• Required action:
Retyped exactly and without pictures, the lines from the one with "Informe Fundación CRE100DO" through the end of the listing must form the entire answer.

Start of Information supplied

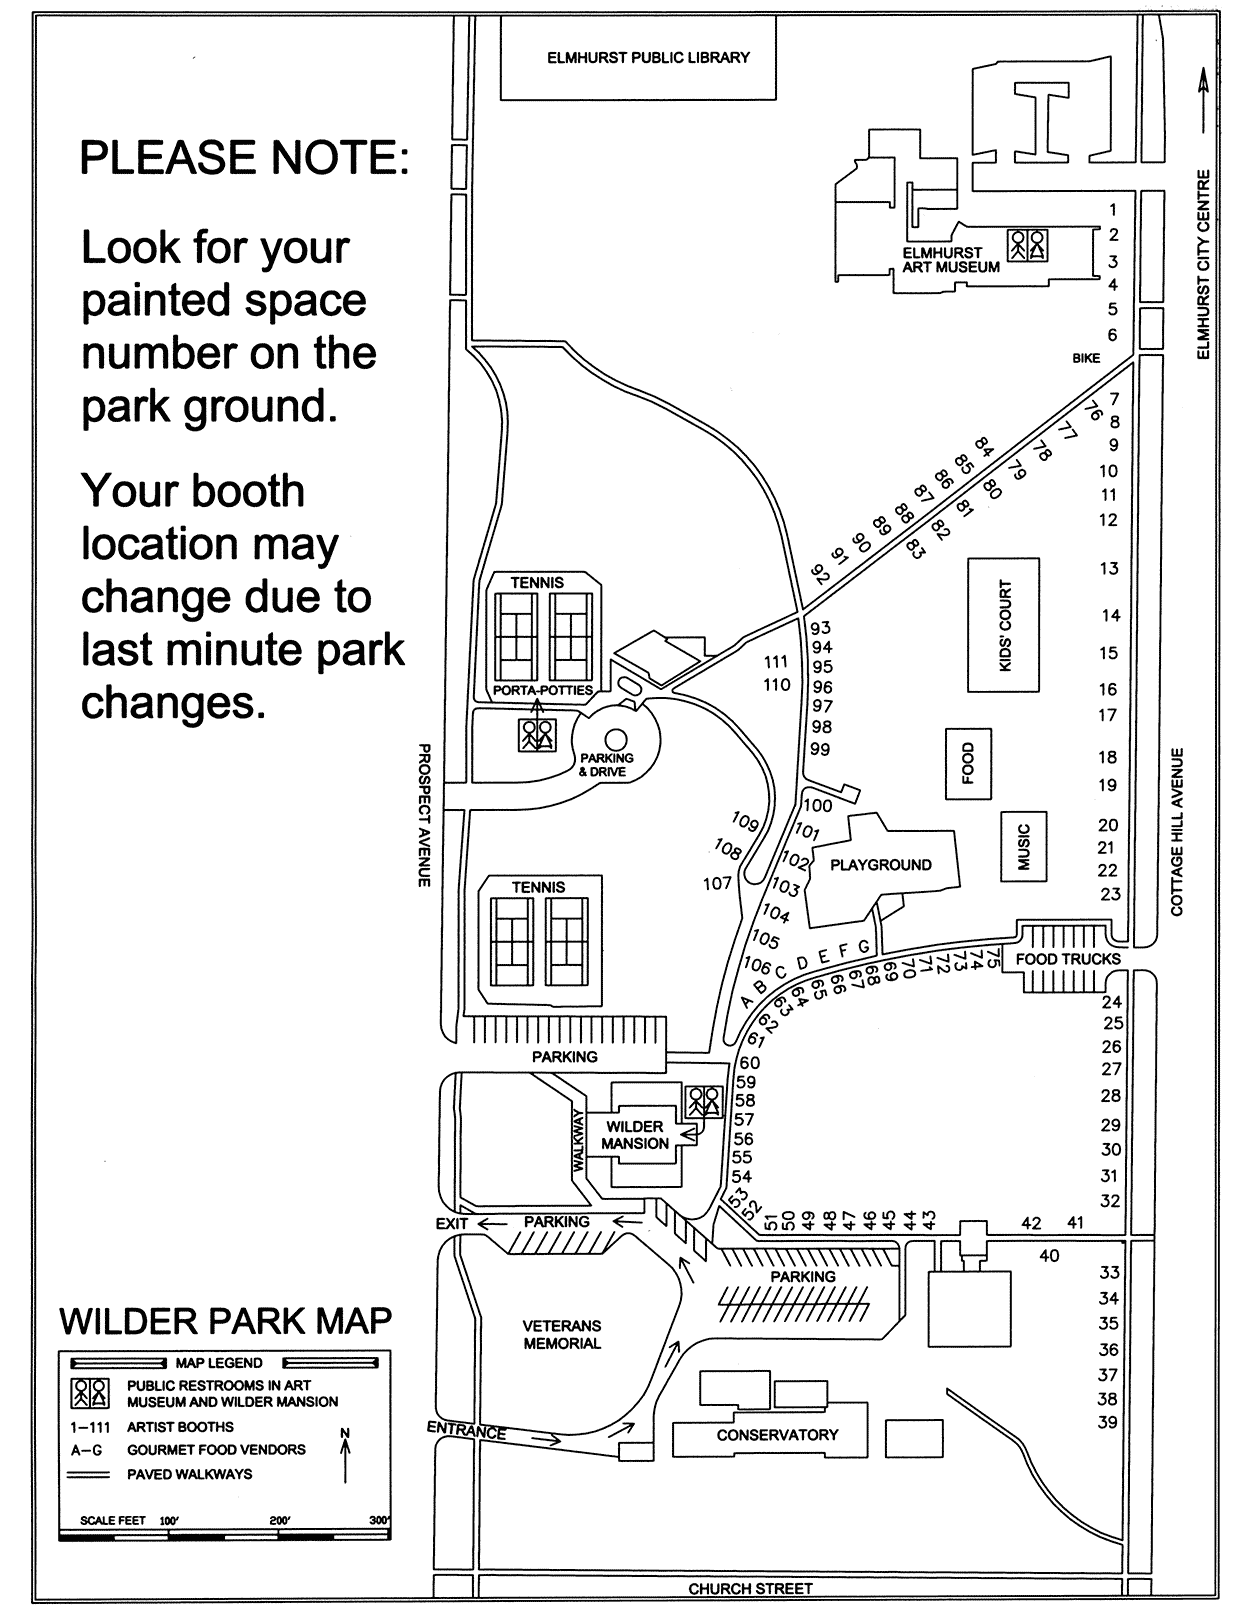 Wilder Park Elmhurst Map
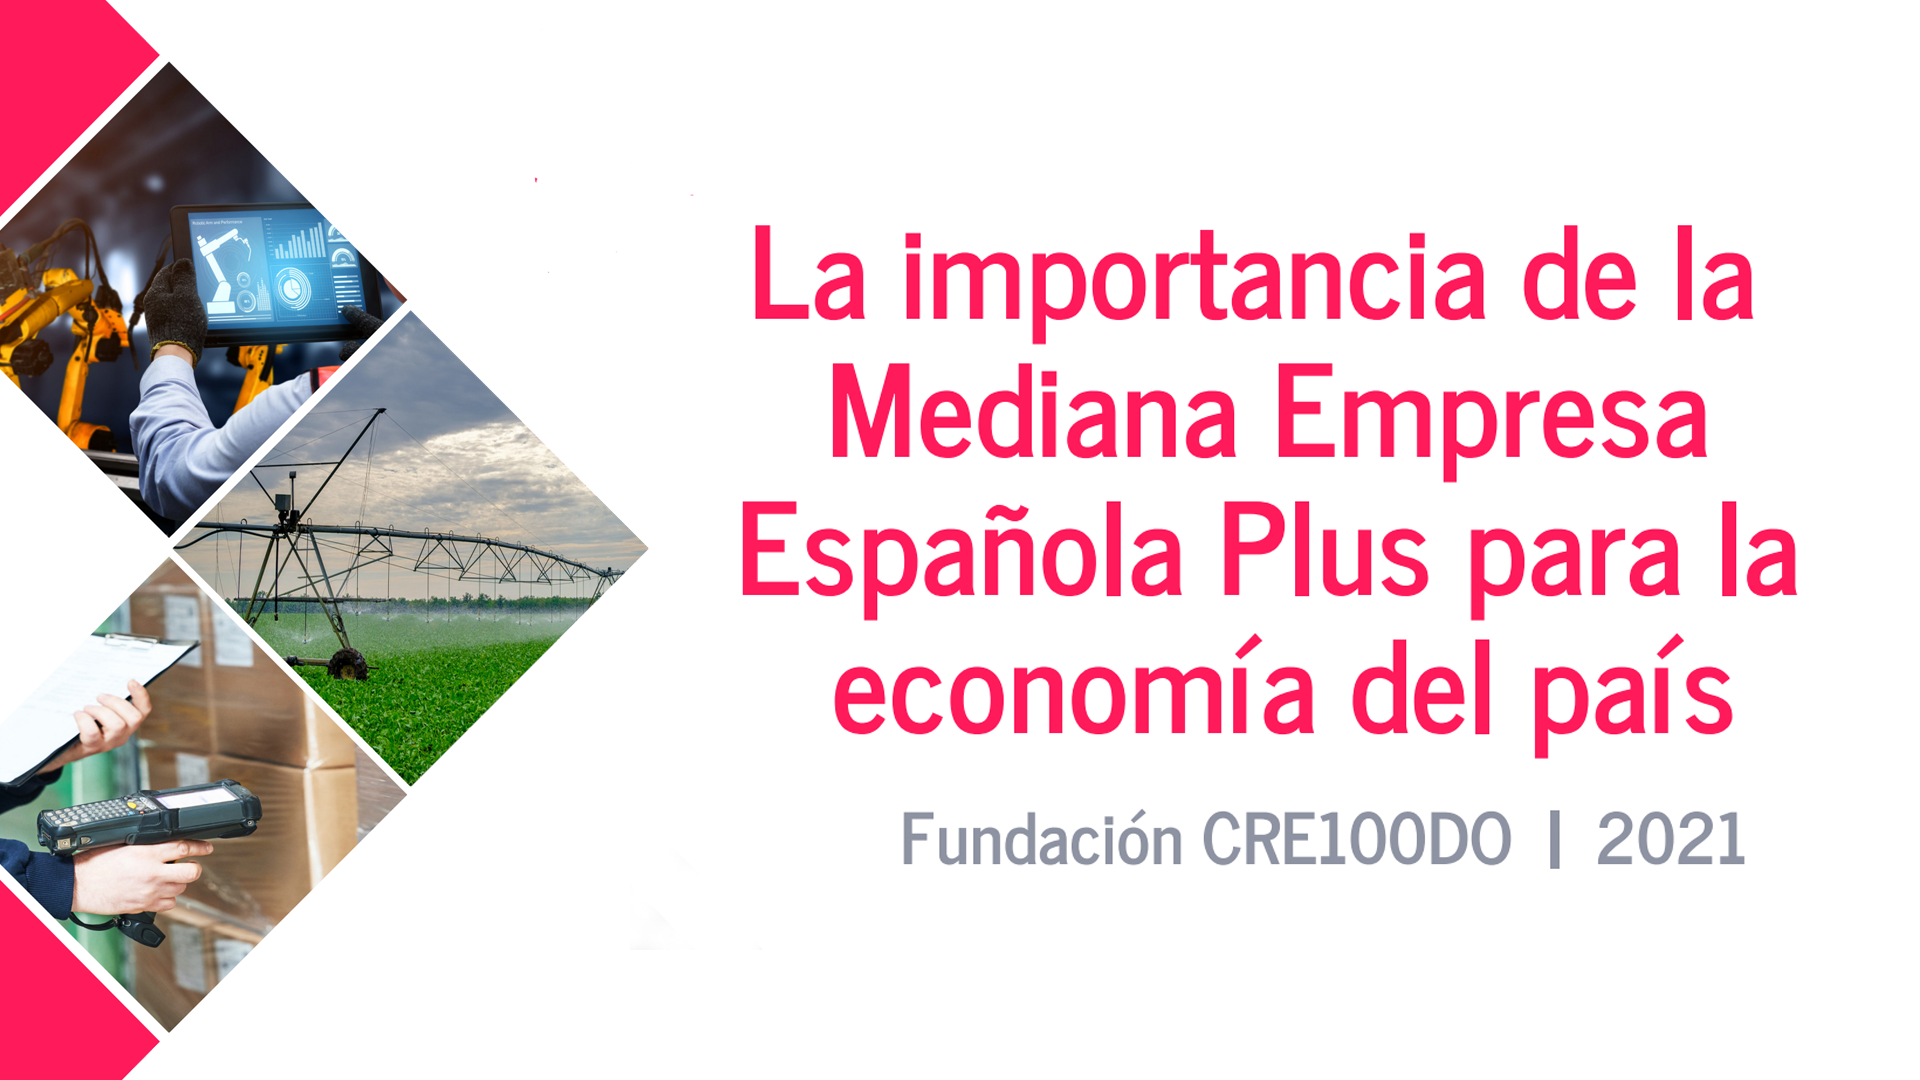 Informe Fundación CRE100DO – “La importancia de la Mediana Empresa Española Plus para la economía del país”
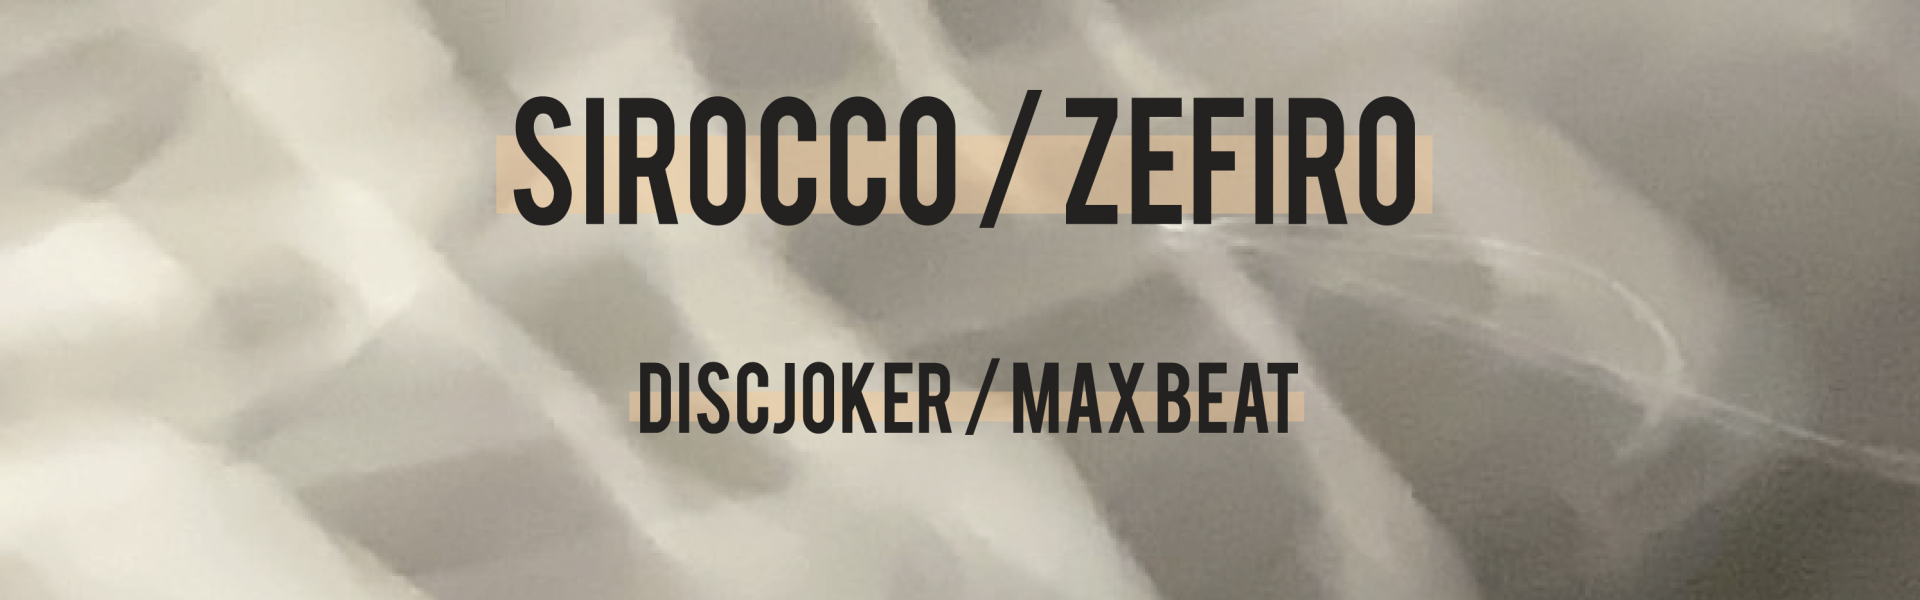 https://www.rekrecords.com/wp-content/uploads/2015/07/sirocco_zefiro.png

End of Information supplied

• Output for this exercise:
 Informe Fundación CRE100DO – “La importancia de la Mediana Empresa Española Plus para la economía del país”
 https://www.rekrecords.com/wp-content/uploads/2015/07/sirocco_zefiro.png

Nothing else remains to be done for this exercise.